Hahaha, no. We wouldn’t want to put our arbitrarily weighted numbers through an arbitrary grouping procedure like percentiles - what if the cutoff was in a weird spot in bizarro clown space?

One important aspect of k-means clustering is “convergence.” The algorithm is computationally difficult, but you can run it iteratively until the results stop changing to get the groupings you need. If you don’t do this you’ll get groupings that are, for example, very dependent on the ordering of the data points.

The CMS partners messed this up in the SAS program. They run the SAS FASTCLUS procedure for 5 buckets, but leave all other parameters at their defaults:

The result is one iteration that doesn’t converge (see the SAS documentation), meaning the final star ratings are unstable. They also differ depending on how you sort the data points. And again, hundreds of hospitals get different ratings if you do things correctly.

(I'll leave aside the fact that the summary scores are smoothly distributed by construction and there are no natural breaks and that this is not at all an appropriate procedure.)

Conclusion

I could talk about how some of the individual measures of quality are negatively associated with star ratings, meaning a rational hospital should do worse to get a better star rating. Or I could talk about how hospitals don’t really get any actionable feedback on what things they should do better on to get a better rating. But I’ll stop here.

What should be done about all this? I think the answer is not “fix the problems with the SAS program.” I think it’s “either do something simple or don’t do this at all.” As far as I know money isn’t tied to these ratings yet, but if it is billions of dollars (and potentially people’s lives!) could be affected by this bad method.

My goal here isn’t to make fun of CMS, or their partners (Yale and the Lantana Group) that perpetrated this. It’s to call attention to the problems here so they don’t wind up having big impacts. (Any fun-making is incidental.)

I think the AHA and its members don’t want to be evaluated on quality, because… who would? They are a big lobbying group aiming to protect their constituents from having to improve.
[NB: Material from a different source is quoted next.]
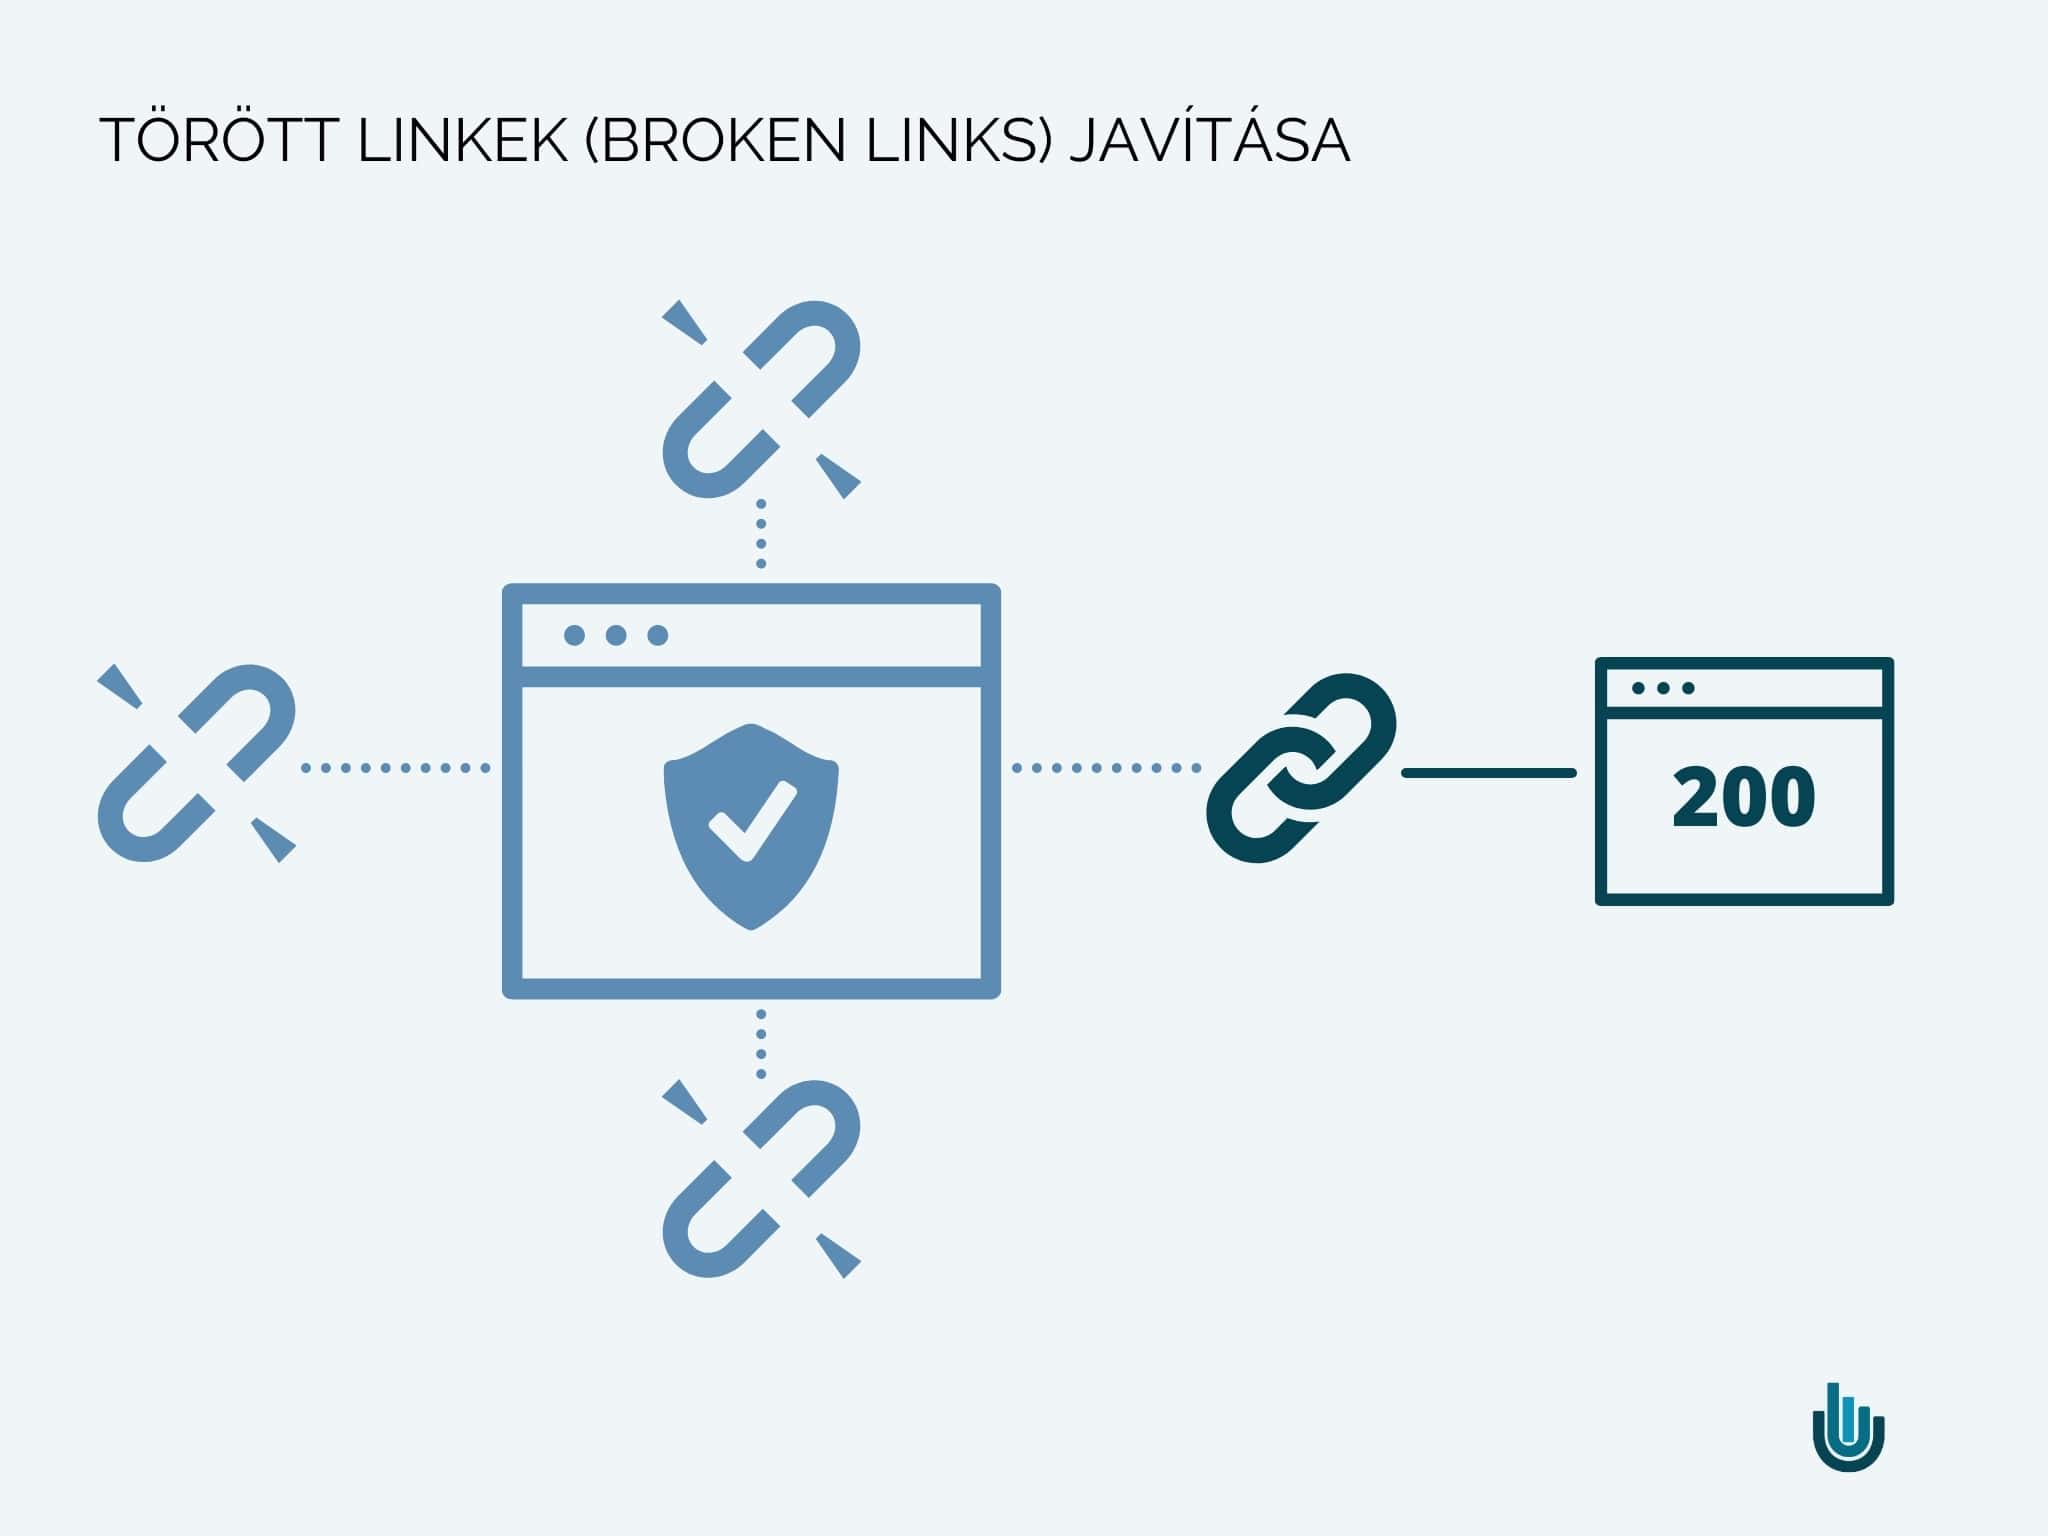 Törött linkek (broken links) javítása linképítés szempontjából

But they’re right to demand that this rating program be withdrawn.

If you are at CMS or with one of their partners and want to talk to me about this, send me a note. Or better yet, skip writing to me and work on fixing this!

Q&A

Q. Who are you?

A. Just some guy who happened to fall into this rabbit hole.


Q. Are you a hospital industry shill?

A. I don’t think so. I’ve never worked in health care. My job is computer network security stuff. None of the above represents my employer’s views.

Q. What’s your interest in hospital rating?

A. None, really! I’ve thought about offering consulting services related to this stuff after exploring it so deeply, but haven’t done anything with that.

Q. Did you really figure all this stuff out?

A. No. I contributed to the quadrature points stuff, but the credit for the rest goes to mark-r-g and his co-workers at a hospital group. My views most emphatically do not represent theirs.